06:10Congreso con doble costo, tensión violeta y una señal alarmante por el pacto con el kirchnerismo
El acuerdo para designar auditores generales va a contramano del discurso anticasta. Asomó después de renovadas versiones sobre tratativas por la integración de la Corte. Y fisuró la relación del Gobierno con aliados. Se juegan el Presupuesto y la postergada reforma laboral
La imagen del recinto de Diputados era impactante: de madrugada y en forma realmente sorpresiva, exponía al bloque oficialista y al kirchnerismo votando juntos para designar a los representantes en la Auditoría General de la Nación. Una postal fuerte, también por los que se retiraban o no votaban, empezando por socios del Gobierno y bloques críticos pero no de oposición cerrada. La operación fue tan rápida y fuera de agenda que al menos dos de los auditores llegaron casi a la carrera al Congreso, después de haber sido despertados por llamadas a sus celulares.
La designación de Forlón no dejó dudas sobre el trato. El nuevo integrante de la AGN tiene relación directa con CFK y con Máximo Kirchner. En la vereda violeta, la coronación de Almada fue interpretada en clave de interna. Esa pieza fue movida por decisión directa de Karina Milei, cuando estaba asegurado el trato con el peronismo, a cargo de Martín y Lule Menem. La aceleración, sin reparos por el contexto -el Presupuesto- y el horario, habría apuntado además a bloquear movimientos de Santiago Caputo en el mismo tablero.

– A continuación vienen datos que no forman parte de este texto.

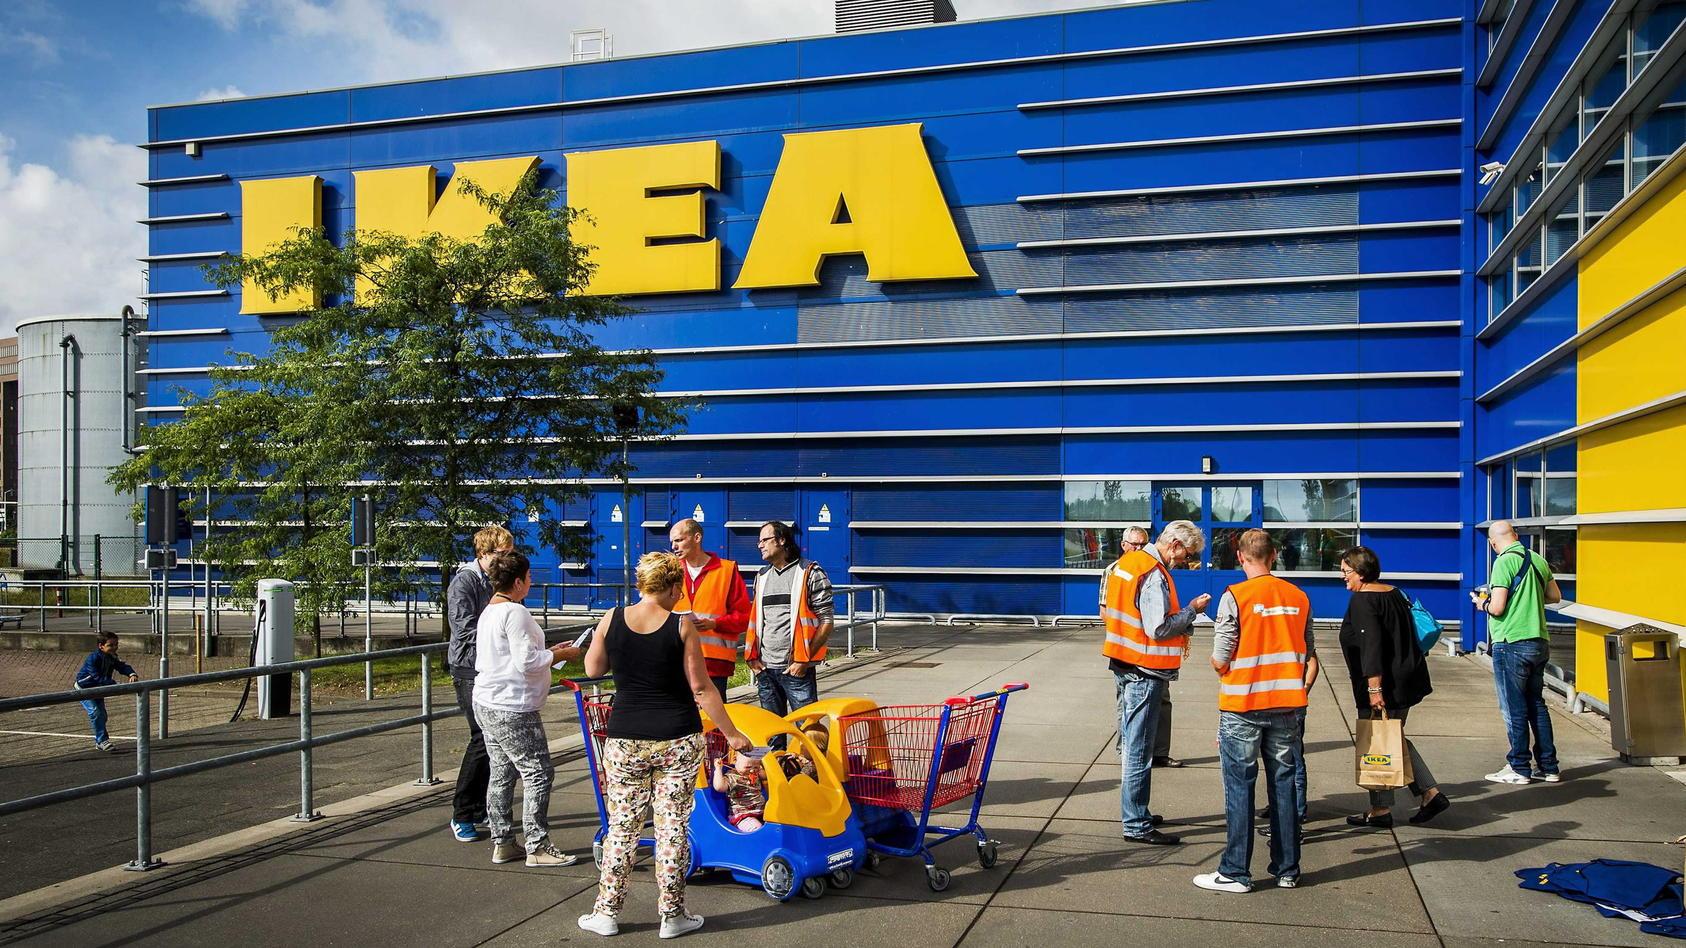 In einer Ikea-Filiale im englischen Thurrock durften rund 200 Menschen während einer Autobahnsperrung warten (Symbolbild).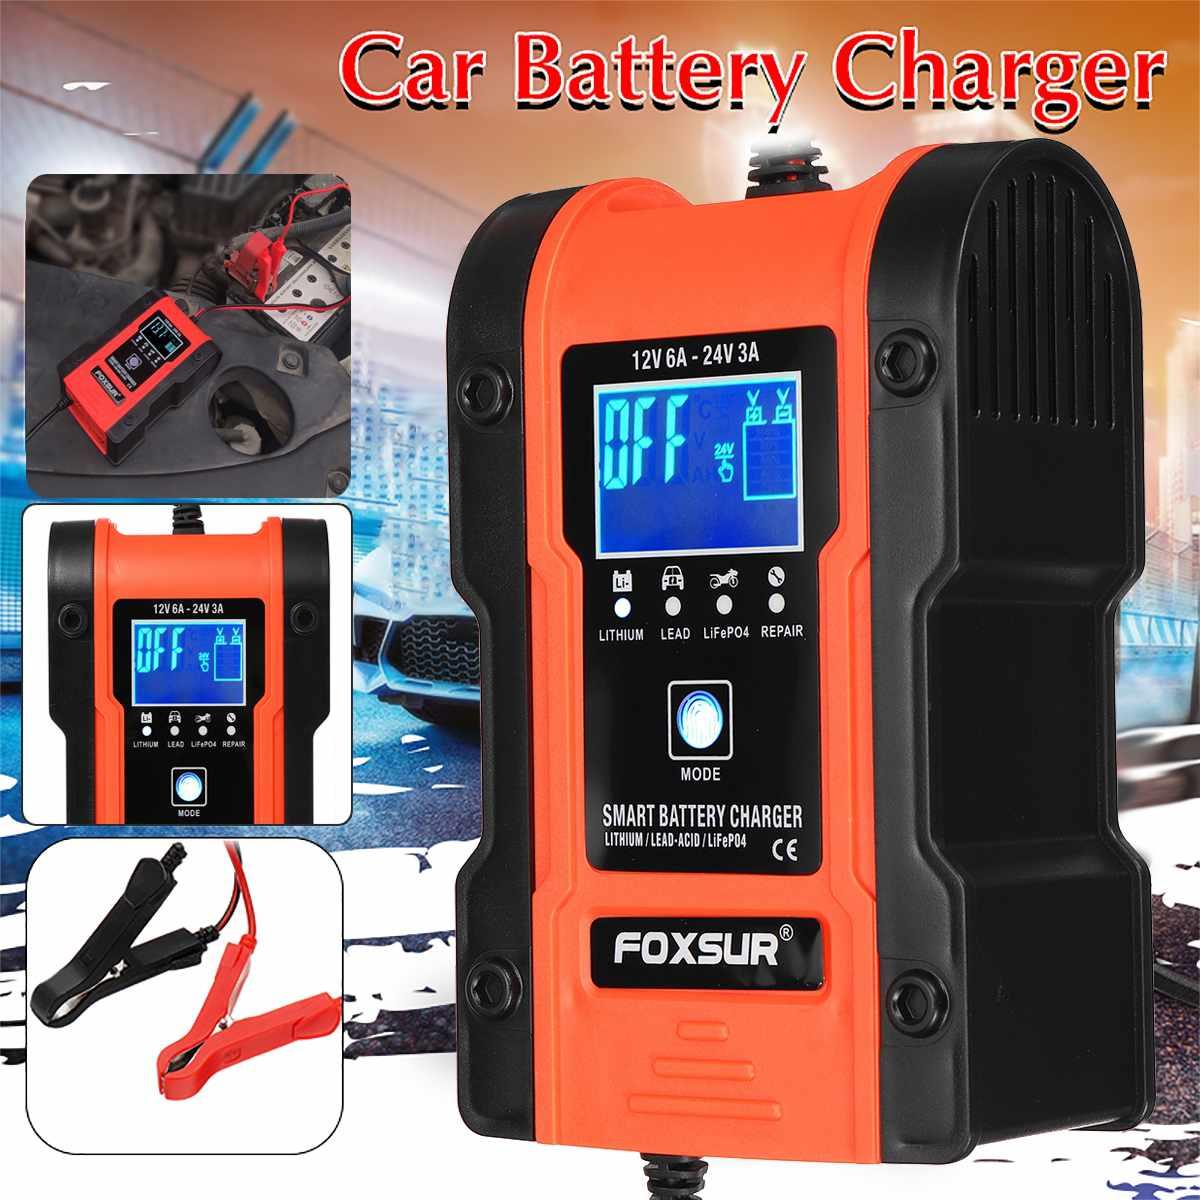 24V/12V ЖК-дисплей автомобиля Зарядное устройство 7-этап автоматический зарядки Портативный аварийного стартера Booster пусковое устройство

La decisión oficialista de cruzar abiertamente la línea que en el discurso marcaría el corte con el kirchnerismo -como máxima expresión de la “casta”- provoca otras inquietudes, porque después de octubre surgieron especulaciones -desmentidas, como otras anteriores- sobre contactos reservados para destrabar la integración de la Corte Suprema y avanzar con la designación de jueces federales. Esa alarma ha sido reactivada.
La reacción del PRO, el radicalismo más cercano a LLA y Provincias Unidas fue amplificada casi de inmediato por el oleaje que levantó la votación del Presupuesto. Y al menos por la respuesta amarilla, podría derivar en la judicialización del tema AGN. Se verá. Por lo pronto, generó una herida profunda entre el oficialismo y sus socios, que no impediría nuevos acercamientos, pero difícilmente desaparezca.
El clima volvió a espesarse con el rechazo al capítulo del Presupuesto marcado por la intención de derogar las leyes de emergencia en discapacidad y financiamiento universitario. El Gobierno forzó su inclusión como un punto específico del proyecto, a pesar de los cuestionamientos que asomaron de inmediato y en el trámite de comisión. No hubo gesto alguno para buscar un camino alternativo. Y los movimientos posteriores para blindar el artículo terminaron por convertirlo en el tema dominante. La aprobación del Presupuesto fue opacada por esa revés generado y sufrido por el oficialismo.
La primera reacción de Olivos llegó al nivel increíble de hacer trascender la posibilidad de veto en caso de que el Senado no pudiera revertir el cuadro. Y pegó sobre los gobernadores, especialmente sobre aquellos que encabezan el listado del reparto de ATN después de una larga sequía de esos fondos: Tucumán y Catamarca, en primer lugar. El malestar alcanzó también a aliados de lo que fue alguna vez JxC, entre ellos Mendoza, Chaco, Entre Ríos. Con varios de ellos hubo después contactos para descomprimir, del mismo modo que fueron retomadas las tratativas con el gobierno porteño por la poda de fondos de la última etapa K.